### RECORDED DATA
☆ ☆ ☆ ☆ ☆

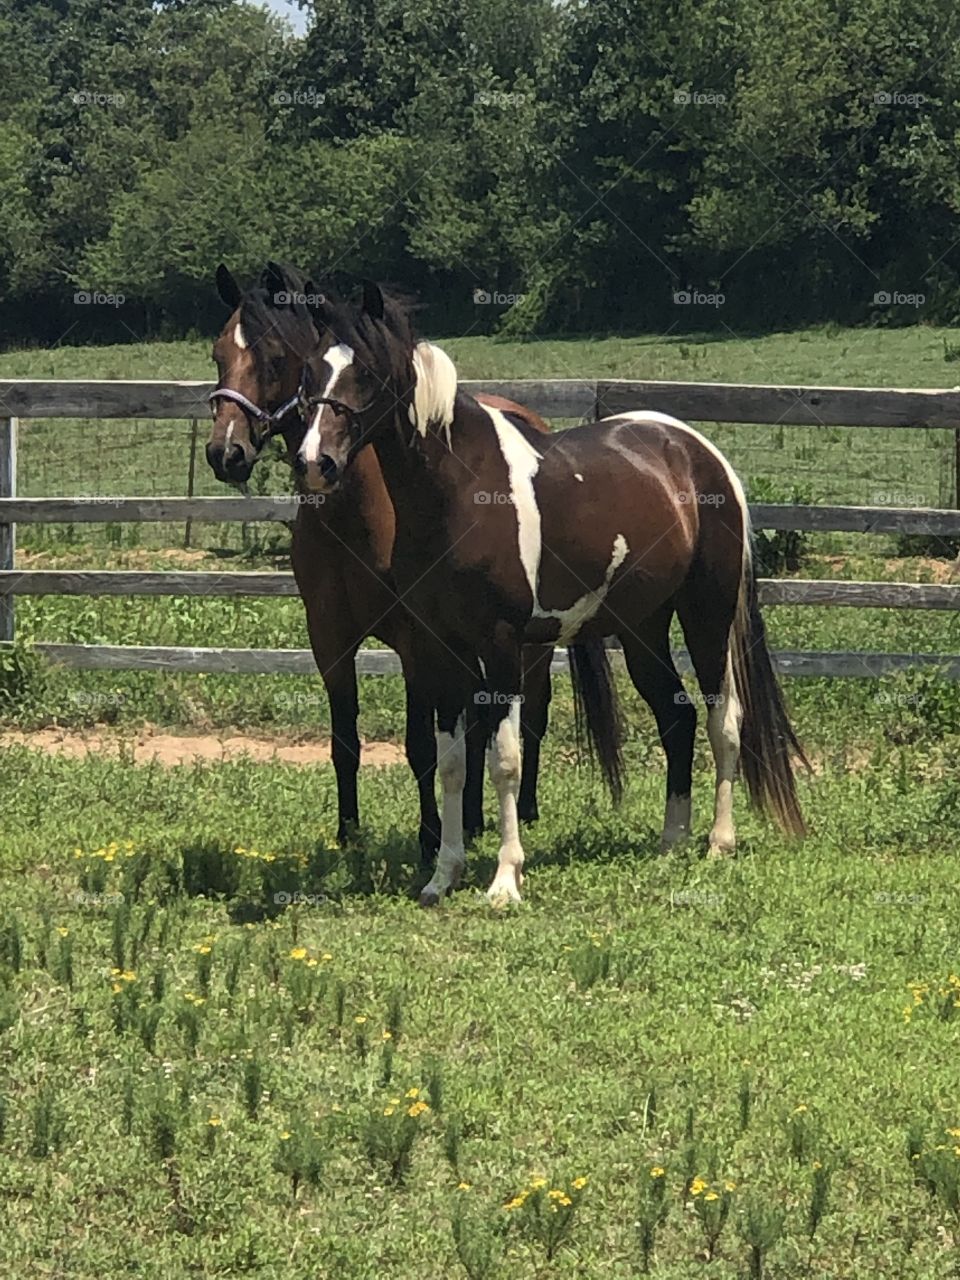 SC local treasure; shown here are Chero & Cochese, 2 Paso Finos. The smaller one is Cochese at 2yrs of age & Chero at 11yrs of age.  Seeing these beautiful animals bond is incredible and I’m glad I got to see them together. Sweet Southern style 🐎
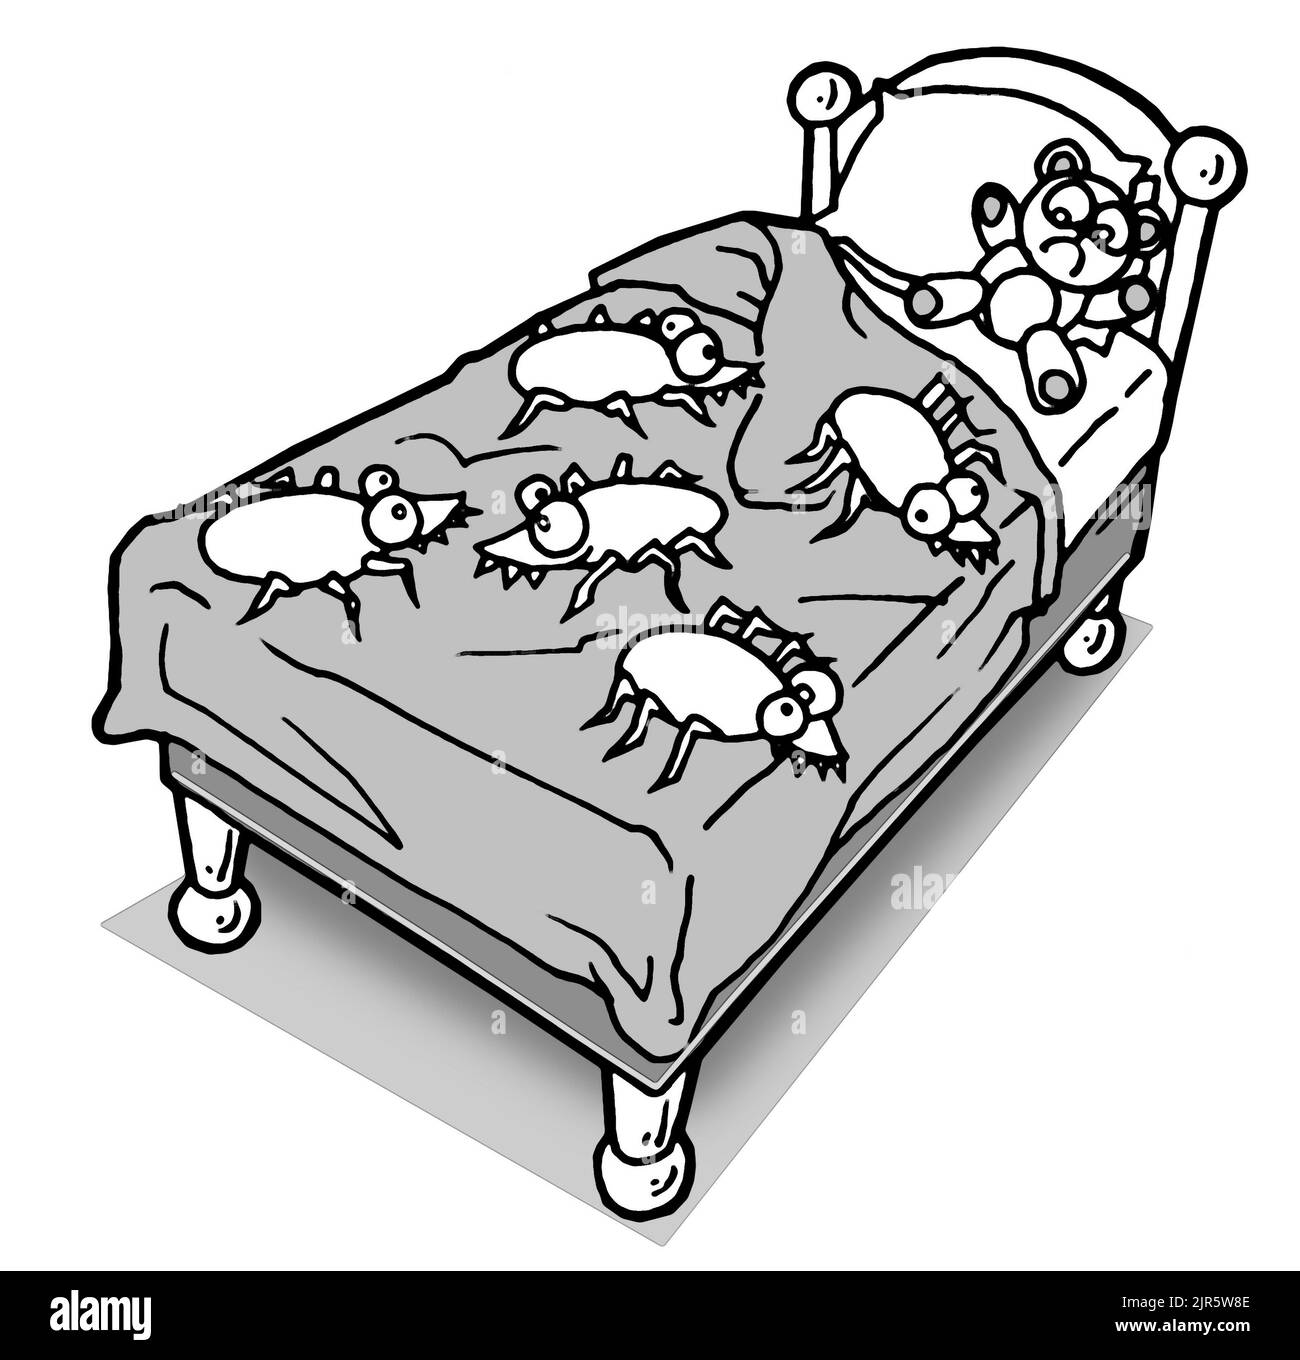 Art cartoon, illustrating a bed covered in oversized bugs. The common bed bugs (cimex lectularius) are insects from the genus Cimex that feed on blood Stock Photo
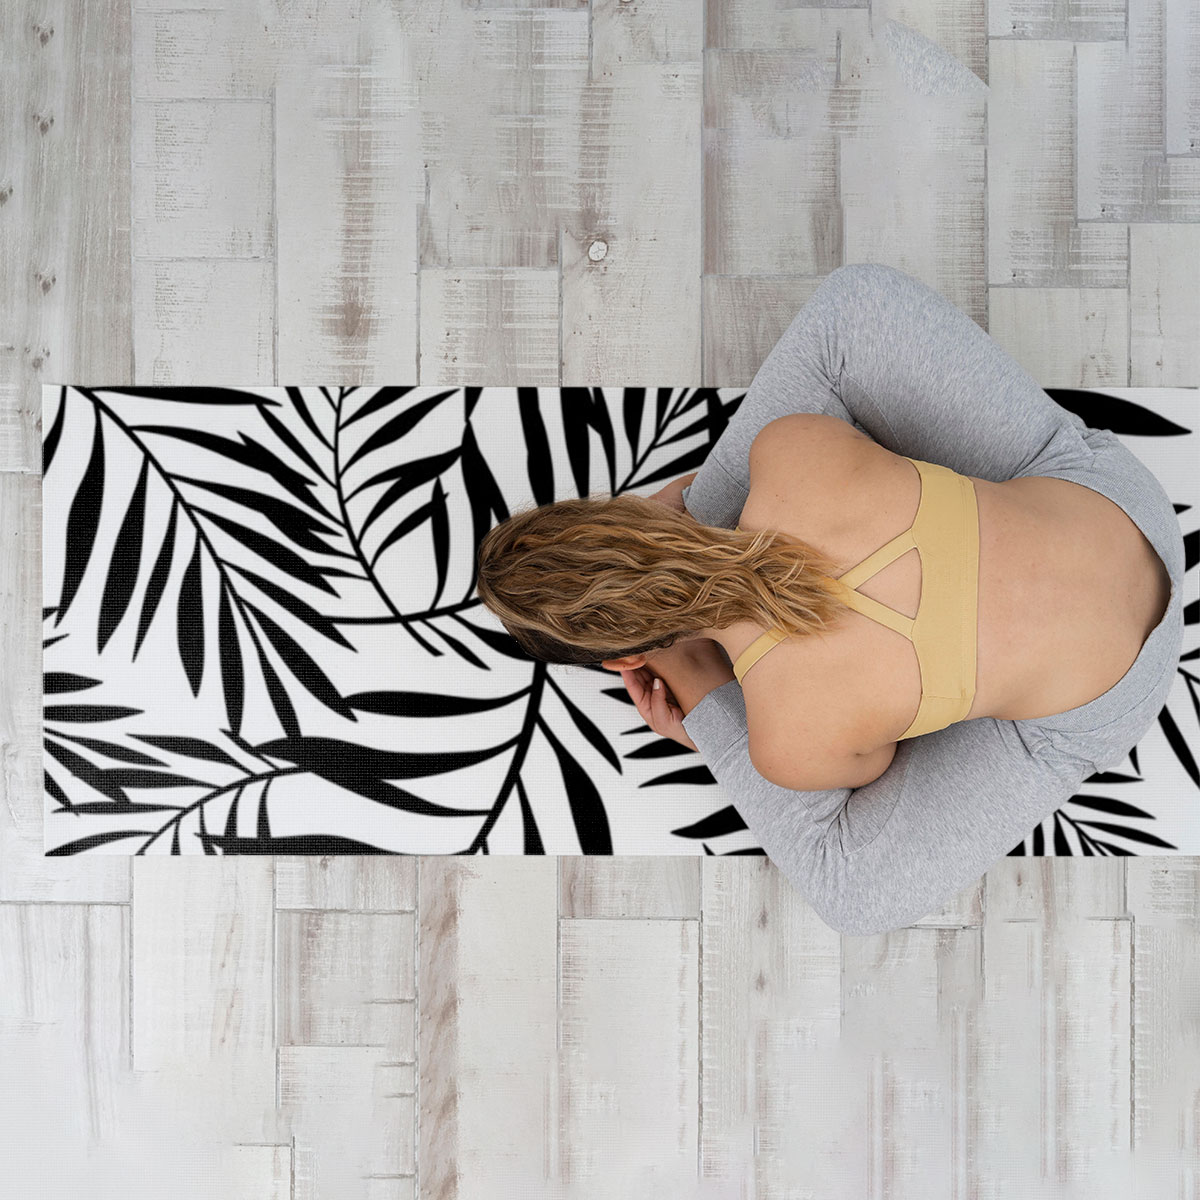 Black And White With Palm Leaves Yoga Mat

☆ ☆ ☆ ☆ ☆

### PROBLEM DETAILS
Repeat all of the data above word for word, minus the pictures.

### SOLUTION
 SC local treasure; shown here are Chero & Cochese, 2 Paso Finos. The smaller one is Cochese at 2yrs of age & Chero at 11yrs of age.  Seeing these beautiful animals bond is incredible and I’m glad I got to see them together. Sweet Southern style 🐎
 Art cartoon, illustrating a bed covered in oversized bugs. The common bed bugs (cimex lectularius) are insects from the genus Cimex that feed on blood Stock Photo
 Black And White With Palm Leaves Yoga Mat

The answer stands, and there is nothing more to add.